Search This Blog

Saturday, March 26, 2011

Taking Stock

Good morning. It is sunny and especially cold this morning around 20 degrees here in Upstate NY. Winter is hanging on for all its worth. Onto a different idea here, but I am coming to the conclusion that the majority of restaurants serve really so-so food. Its very rare to find a restaurant in these parts that uses simple fresh ingredients and serves delicious easy to digest food. All other places really tweak the food with garlic or salt or butter or all to try to coax more flavor out of the dish. People are being sold a flavor enhanced trick and I'm not sure why this is the standard. Besides that many restaurants use poor ingredients, crappy white flour, concentrates, bad oil, not fresh ingredients. I'm having buyers remorse for a bad dinner last night, I can still taste it now. I know you know what I mean.

The equities market is showing tremendous resilience. In spite of a trifecta of trifectas, stocks are right around peak numbers since the dastardly bottom of March 2009.

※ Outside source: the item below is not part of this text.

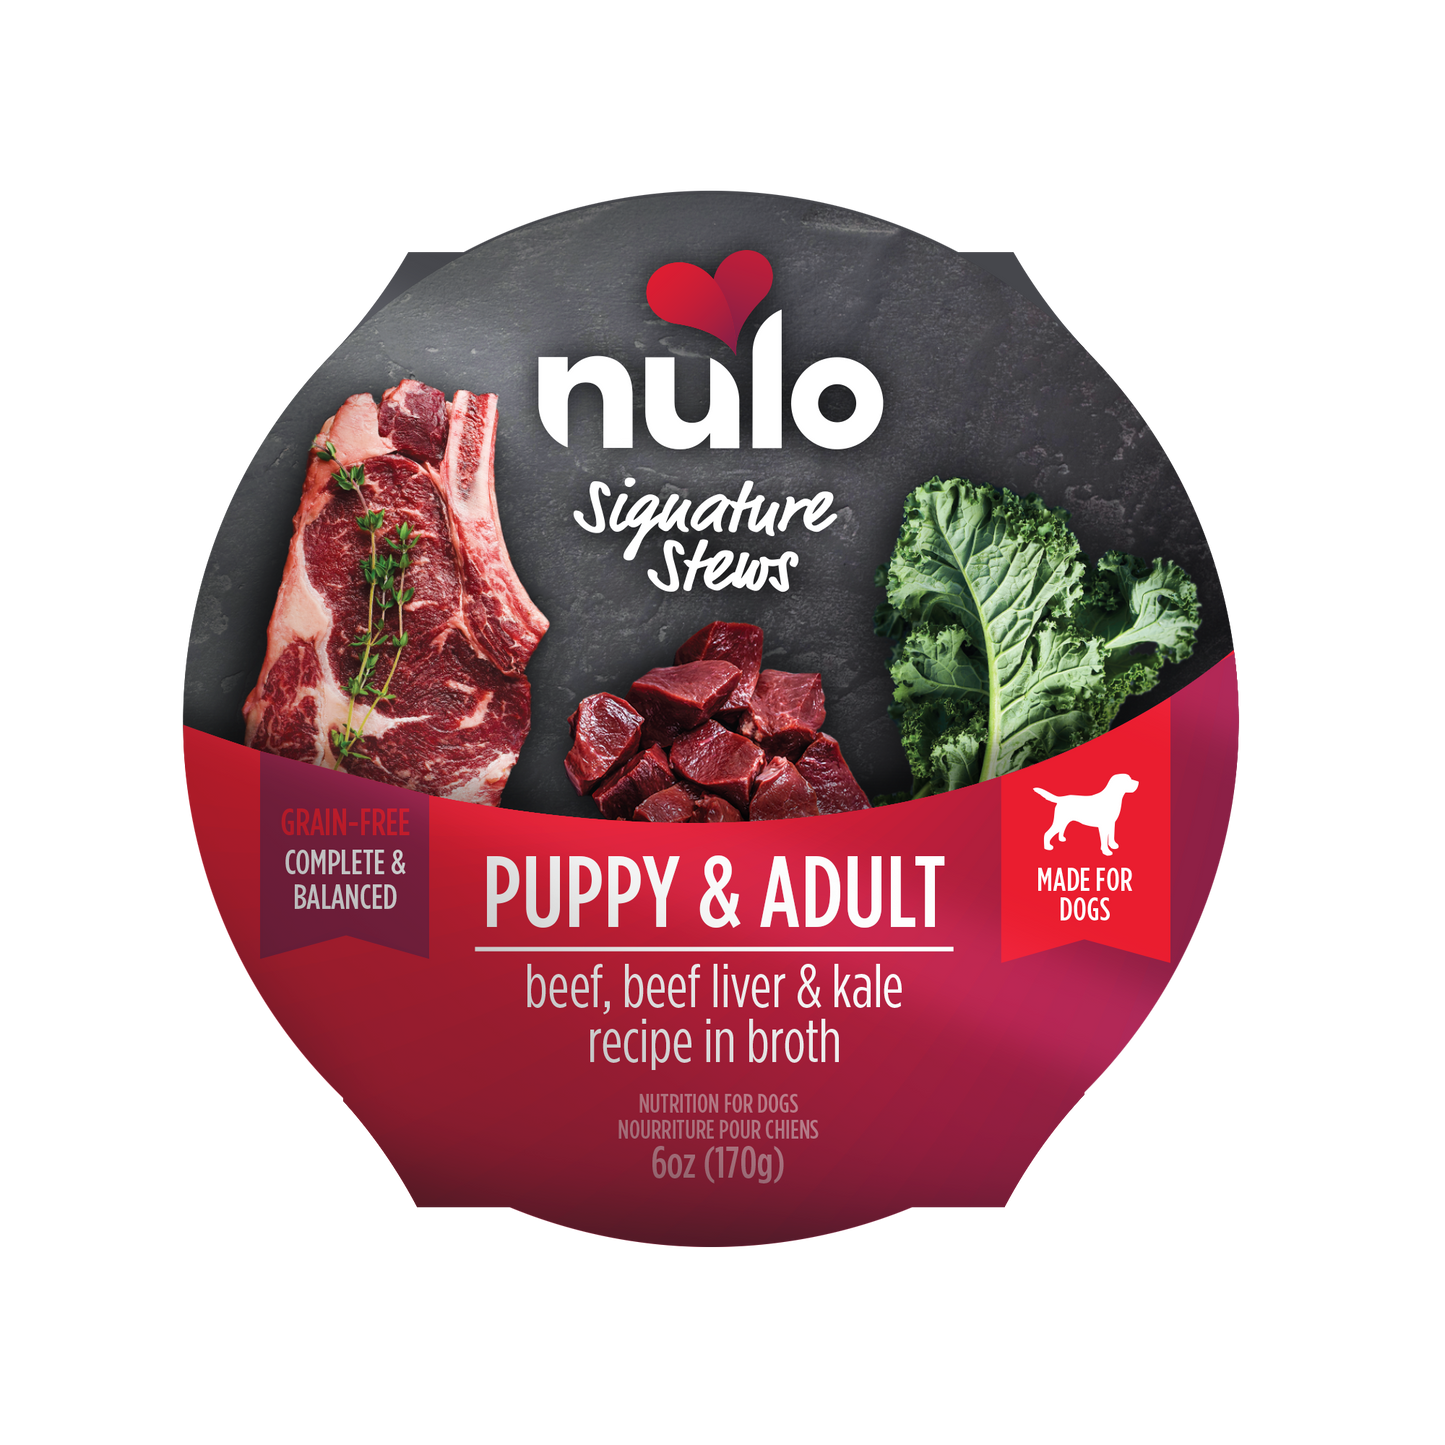 Nulo Signature Stews Grain-Free Beef, Beef Liver, & Kale In Broth Recipe 6-oz, Wet Dog Food

Recapping the present triple threat. There is Japan's earthquake, resultant tsunami, and ongoing nuclear crises. There is a spreading revolution in the Middle East which allegedly threatens oil supplies. Finally there is an alarming fiscal crisis in several European countries that lingers on with no clear resolution.

Initially these crises sank the market two weeks ago as volatility crept back into the system, fear that the world was crumbling quite literally.

The rebound is occurring because the prognosis for growth in the world economy is good. Long story short, corporations, and especially American corporations, are making money. That is all it takes. The world could split in half with each half going into its own orbit, and as long as the money is flowing, the markets will rebound.

Now its important to point out that there are many skeptics. So, choose your poison but choose wisely.

Reuters: New quarter, old issues for investors
The primary driver, when everything else is stripped away, is confidence that the global economy is in pretty good condition and with it the corporate outlook.


...global growth is set to rise well above the roughly 3.5 percent long-term average.


...the Japan disasters and North Africa/Middle East revolts should not derail the global economic expansion.

3 comments:

Ed said...

My eyes glaze over on the Wall Street stuff, but I'm with you on the restaurant situation.

What restaurant can you eat at everyday? None! Who can stand such overblown food all the time?

Even if it's good I find you're wowed at the first bite and sick of it by the time you finish.

Jim Sande said...

My favorite one is the 333 in Delmar, ever eat there? I would eat there all the time except its too expensive for me. They have fresh food and it is well prepared. Unfortunately one or two veg dishes. Fish is good there too.

Glynn Kalara said...

I was invited to a B-day bash at a so called Home style Italian Rest. in Philly last nite and the menu was huge and expensive but the endless portions were beyond human scale. I'm sitting here still digesting the gluttonous feat of last evening. I can only do such a thing maybe once a yr. in good conscience, especially since my heart attack. Fortunately , it was all paid for.